Keeper Niklas Baumann verpasste als einziger Akteur keine Meisterschaftsminute. „Obwohl Niklas nicht immer unter der Woche trainieren kann, ist auf ihn dann am Spieltag absolut Verlass“, verteilte Trainer Markus Banken im Laufe der Hinrunde dieses Sonderlob. Der einzige Feldspieler, der zumindest in allen 17 Begegnungen auch auf dem Platz stand, war unterdessen Niklas Wissing, einer der Neuen im Kader aus den eigenen Reihen. Ein externer Transfer aus Ottenstein machte unterdessen als Torjäger auf sich aufmerksam: Philipp Hörst erzielte mit neun Treffern die meisten für den FC Epe. Benedikt Weßeling aus Graes kam indes nicht über die Rolle des Jokers hinaus. Steffen Krabbe und Jens Bode etablierten sich direkt mit 16 beziehungsweise 14 Einsätzen als Stammspieler. „Wir müssen jetzt schnell alle neuen Spieler integrieren, menschlich wie fußballerisch“, hatte Banken vor dem Saisonstart angekündigt. Insgesamt ist dies dem Fußball-Bezirksligisten gut gelungen, hat er auf dem Transfermarkt seine Hausaufgaben erledigt.

WN-Prognose

20 Punkte erreichten die Blauen bereits nach dem Ende der Hinserie und 15 Partien. Zum Vergleich: In der Saison 2017/18 kam Epe da als Drittletzter auf nur 13 Punkte, schloss die Rückrunde dafür jedoch furios als Dritter mit 32 Zählern ab.
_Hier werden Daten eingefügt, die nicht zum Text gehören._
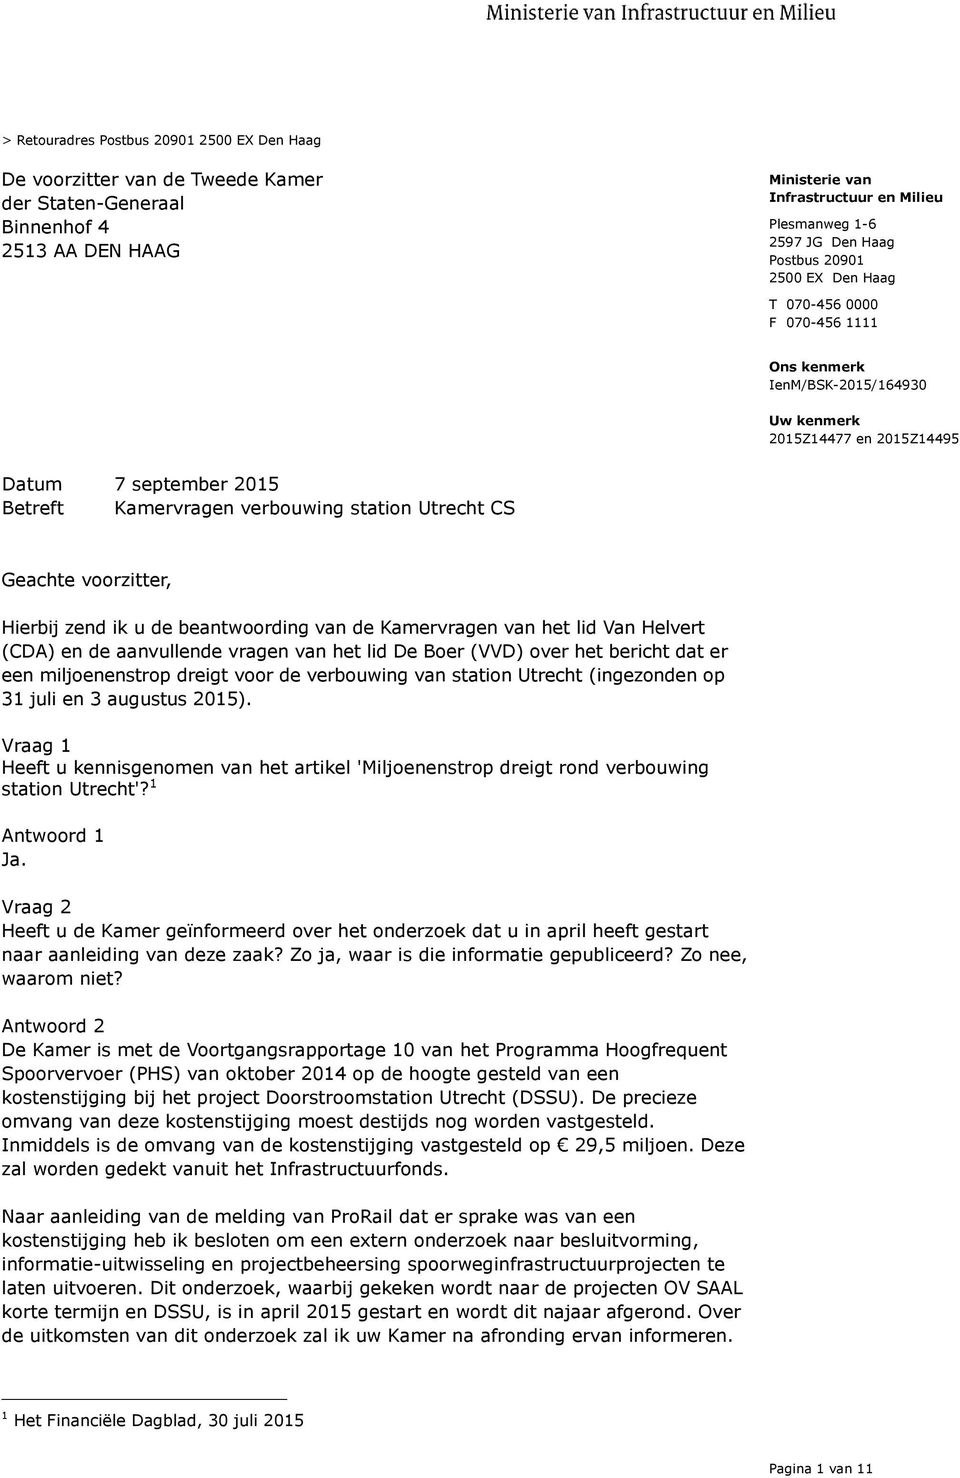 (CDA) en de aanvullende vragen van het lid De Boer (VVD) over het bericht dat er een miljoenenstrop dreigt voor de verbouwing van station Utrecht (ingezonden op 31 juli en 3 augustus 2015).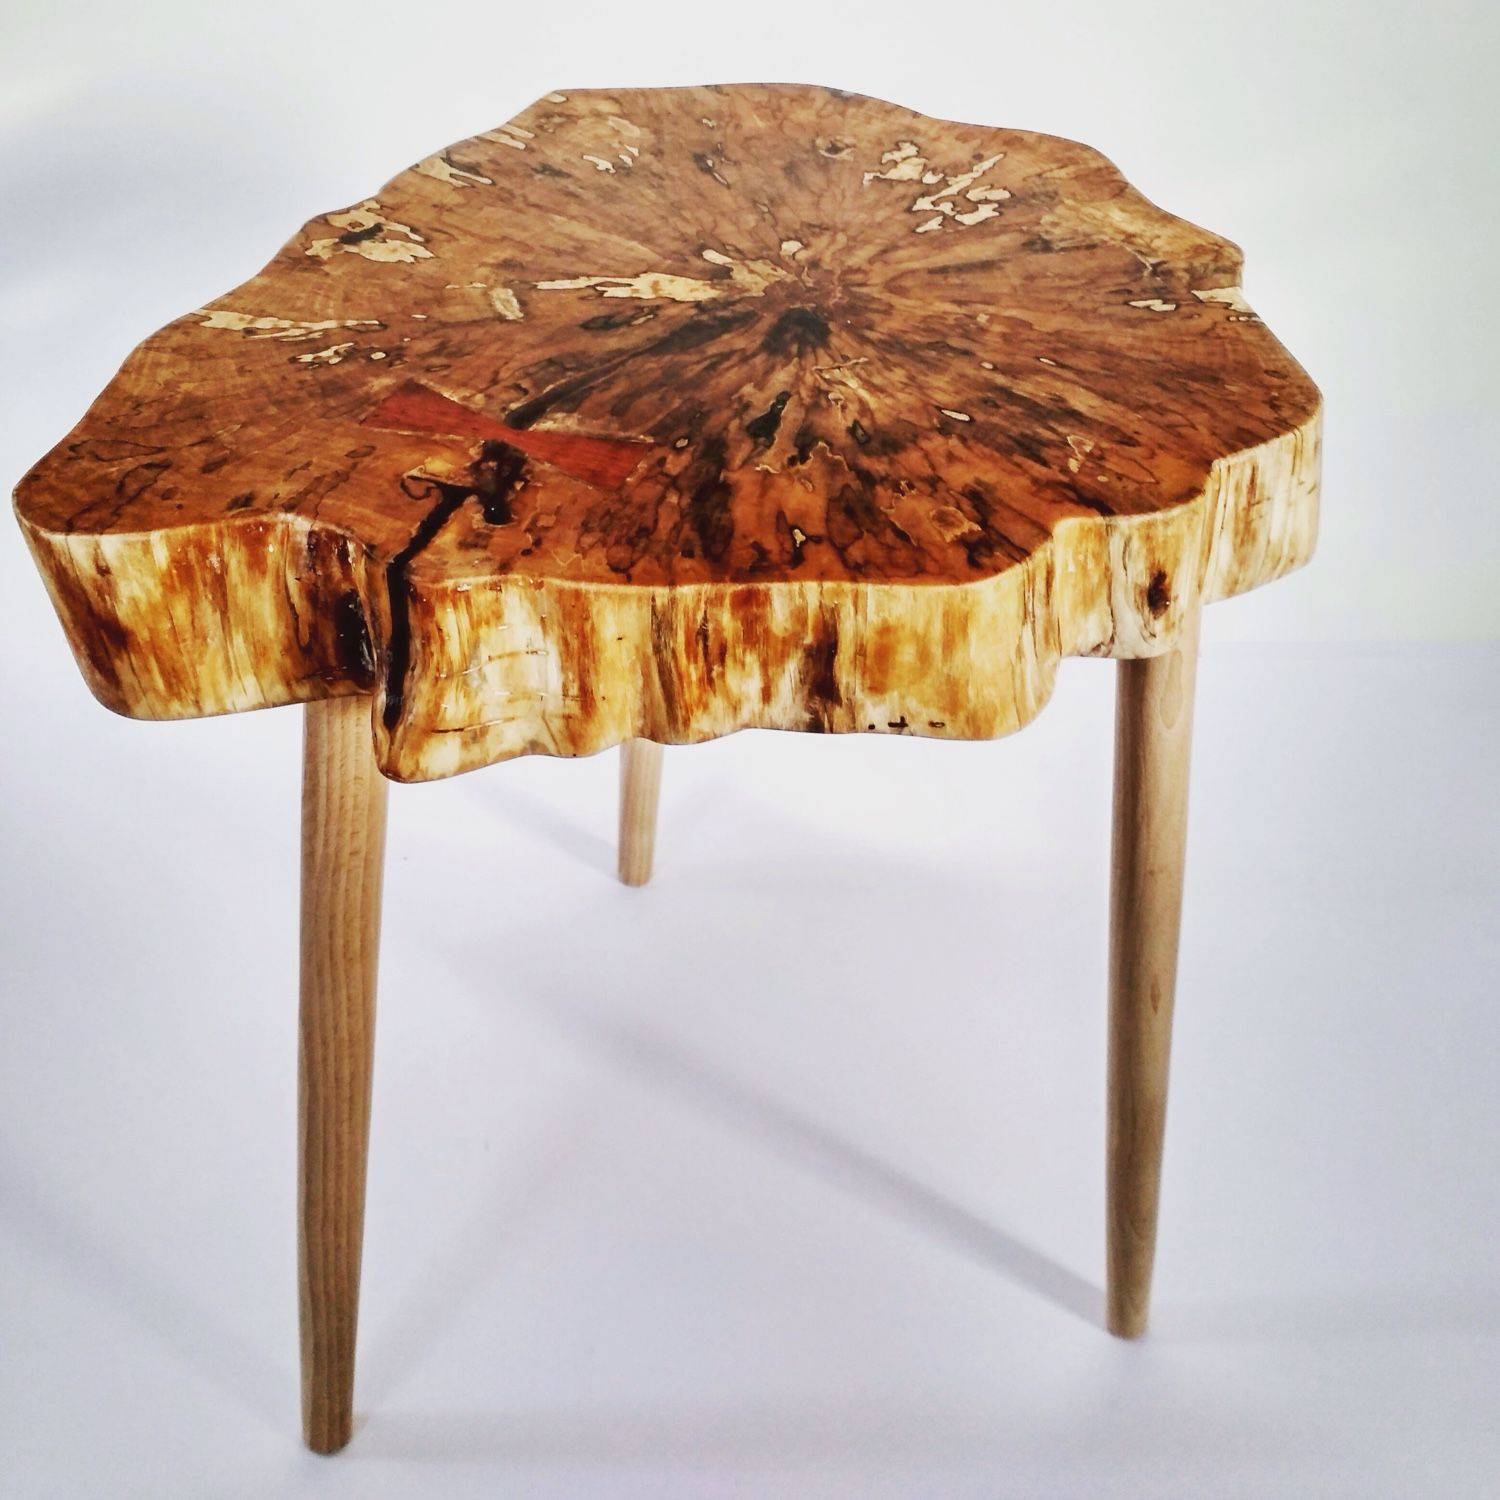 Журнальный стол из натурального дерева — виды и особенности моделей

Dass also tatsächlich die 45 Punkte und der siebte Platz geknackt werden, erscheint unwahrscheinlich. Vieles hängt auch von einem guten Start ab. Und vor allem, wie gut der FC die fünf Pleiten vor der Winterpause verdaut hat. Immerhin: Mit Vorwärts Epe und Eintracht Coesfeld haben die Blau-Weißen bereits zwei der ganz großen Brocken in der Rückrunde hinter sich. Sofern der FCE vom Verletzungspech verschont bleibt, ist ein einstelliger Tabellenplatz neun oder auch acht drin. Mehr aber eben auch nicht.